Yes, thanks for that catch. These tall'n'skinny ones can be trouble.

#!/usr/bin/perl
use strict;
use warnings;

while (<DATA>)
{
print;
print "~\n" if m~ (?<!=) http:// (.*?) (?:<br> | \s ) ~xi;
print "!\n" if m! (?<\!=) http:// (.*?) (?:<br> | \s ) !xi;
print "{}\n" if m{ (?<!=) http:// (.*?) (?:<br> | \s ) }xi;
print "|\n" if m| (?<!=) http:// (.*?) (?:<br> \| \s ) |xi;
}
__DATA__
href=http://test1
href="http://test2"
This is http://test3 and now comes
http://test4


I tested it wrongly, I thought the following would report anomalies:

perl -e '$r=qr{m!(?<!=)http://(.*?)(?:<br>|\n|\r)!gi};print $r'
(?-xism:m!(?<!=)http://(.*?)(?:<br>|\n|\r)!gi)

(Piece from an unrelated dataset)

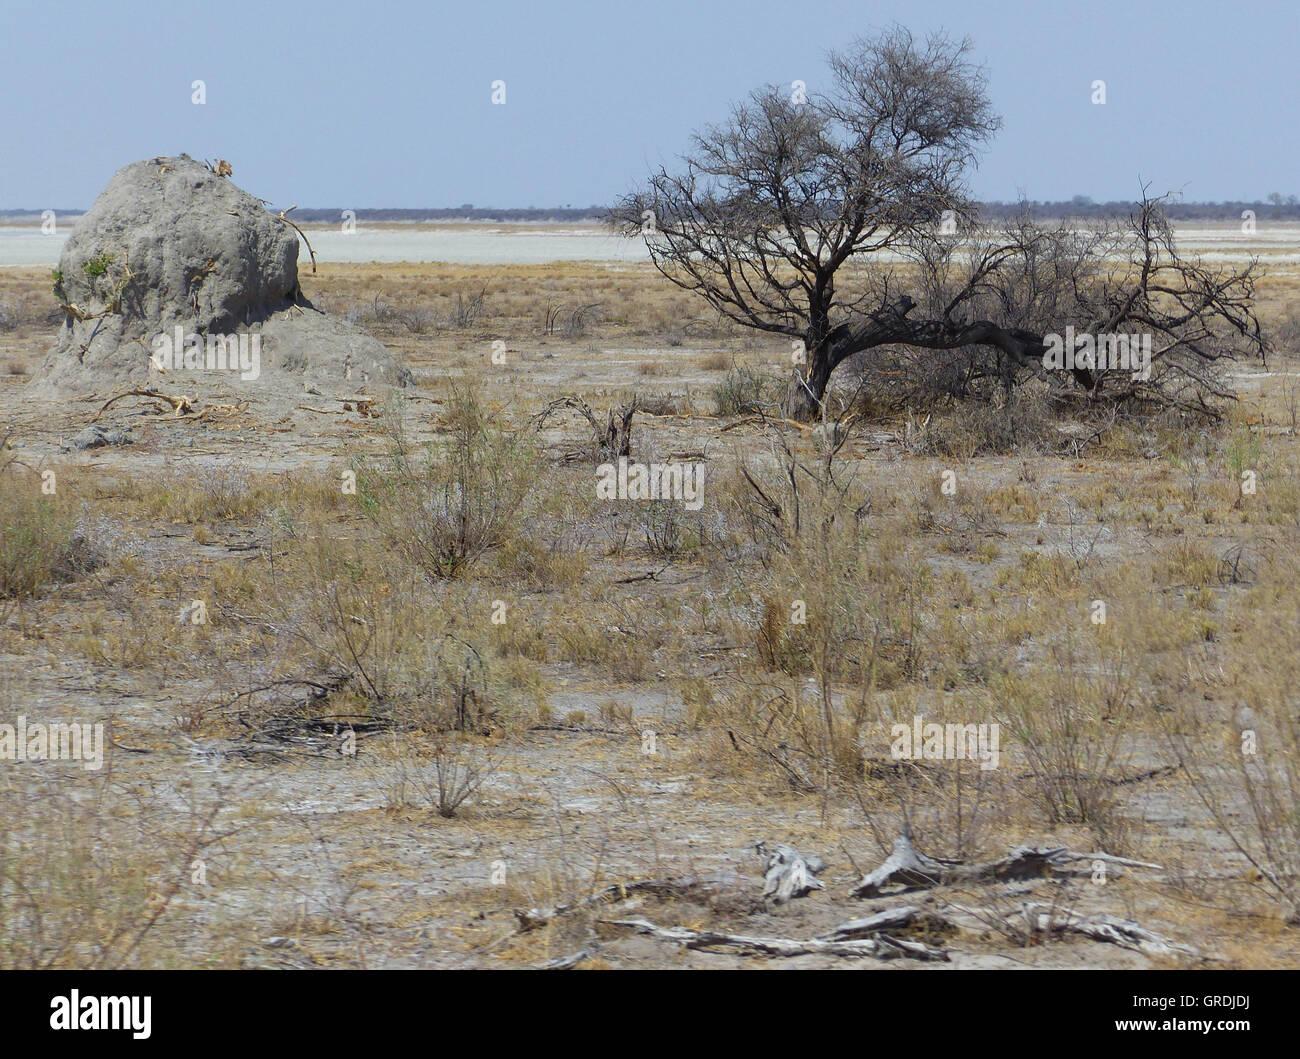 Termite Mound And Next To It A Leafless Tree, In Etosha Pan - Stock Image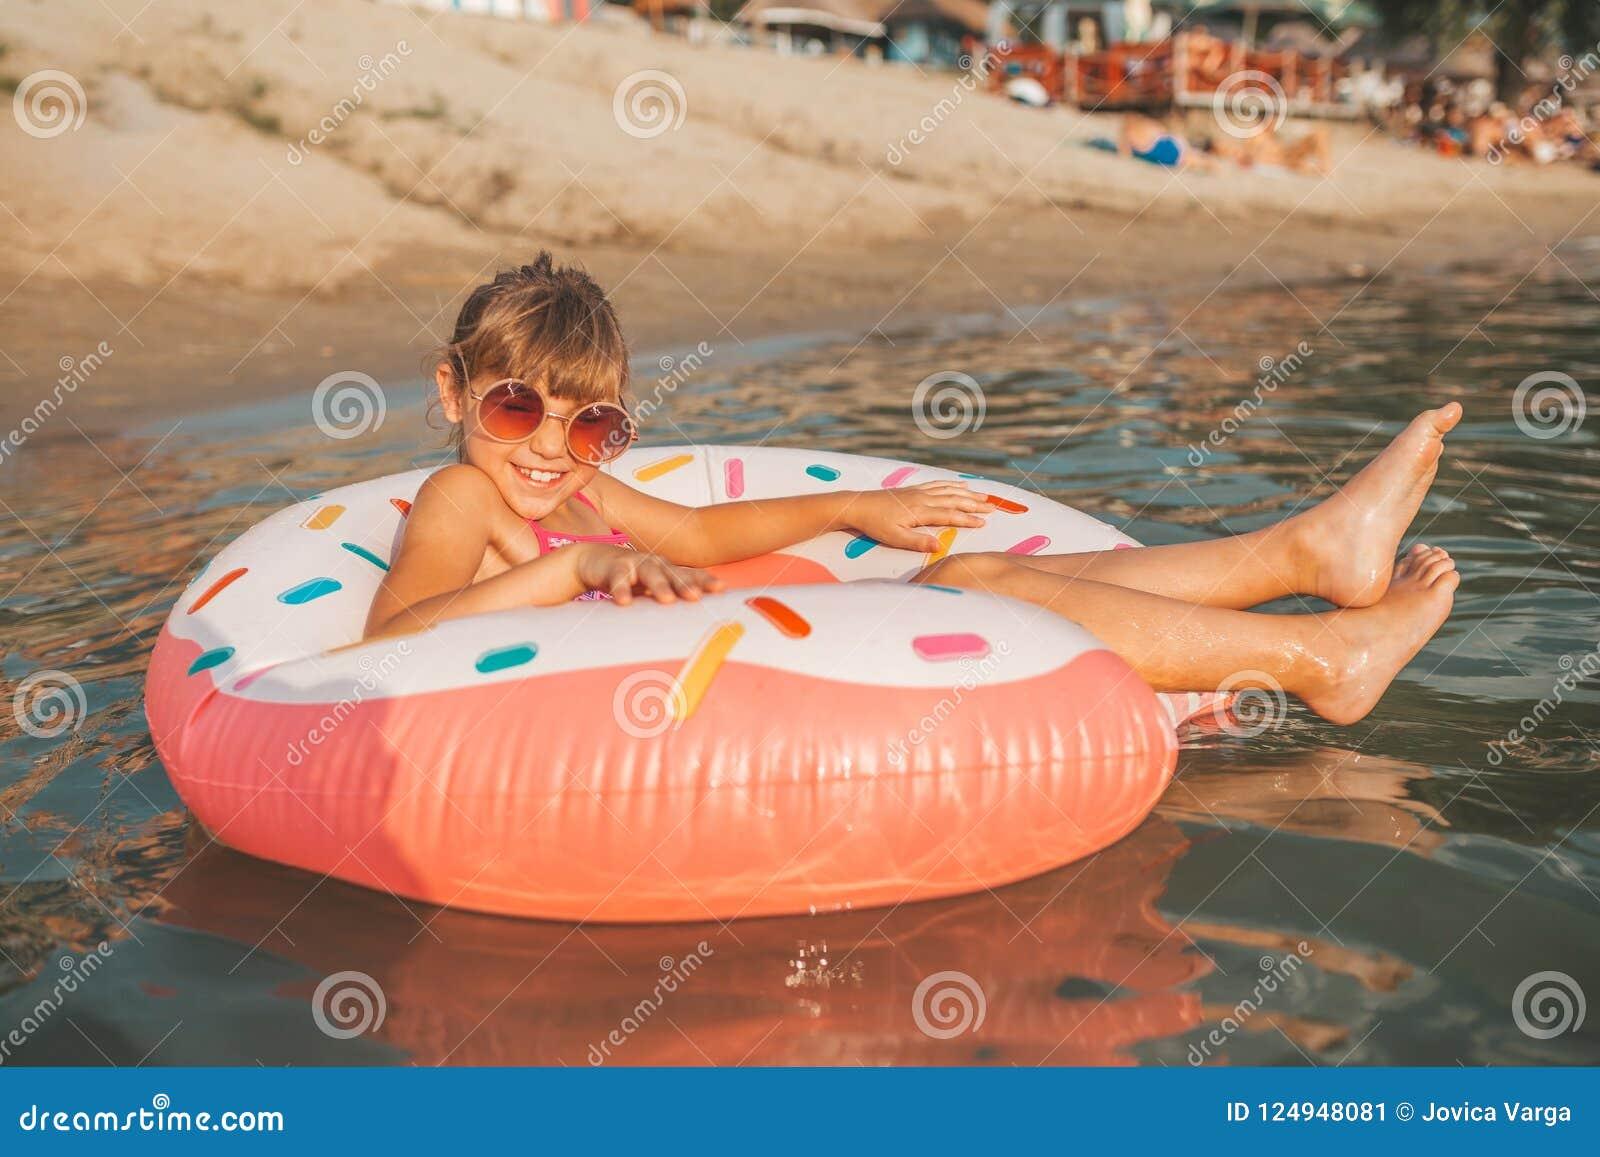 Meisje het spelen met opblaasbare ring in water

perl -e '$r=qr{m~(?<!=)http://(.*?)(?:<br>|\n|\r)~gi};print $r'
(?-xism:m~(?<!=)http://(.*?)(?:<br>|\n|\r)~gi)


These catch it:

$ perl -ce 'm!(?<!=)http://(.*?)(?:<br>|\n|\r)!gi'
Sequence (?<...) not recognized in regex; marked by <-- HERE in m/(?<
<-- HERE äèèèìèdèôèoèüè/ at -e line 1.

perl -MO=Deparse -e 'm!(?<!=)http://(.*?)(?:<br>|\n|\r)!gi'
Sequence (?<...) not recognized in regex; marked by <-- HERE in m/(?<
<-- HERE äèO::/ at -e line 1.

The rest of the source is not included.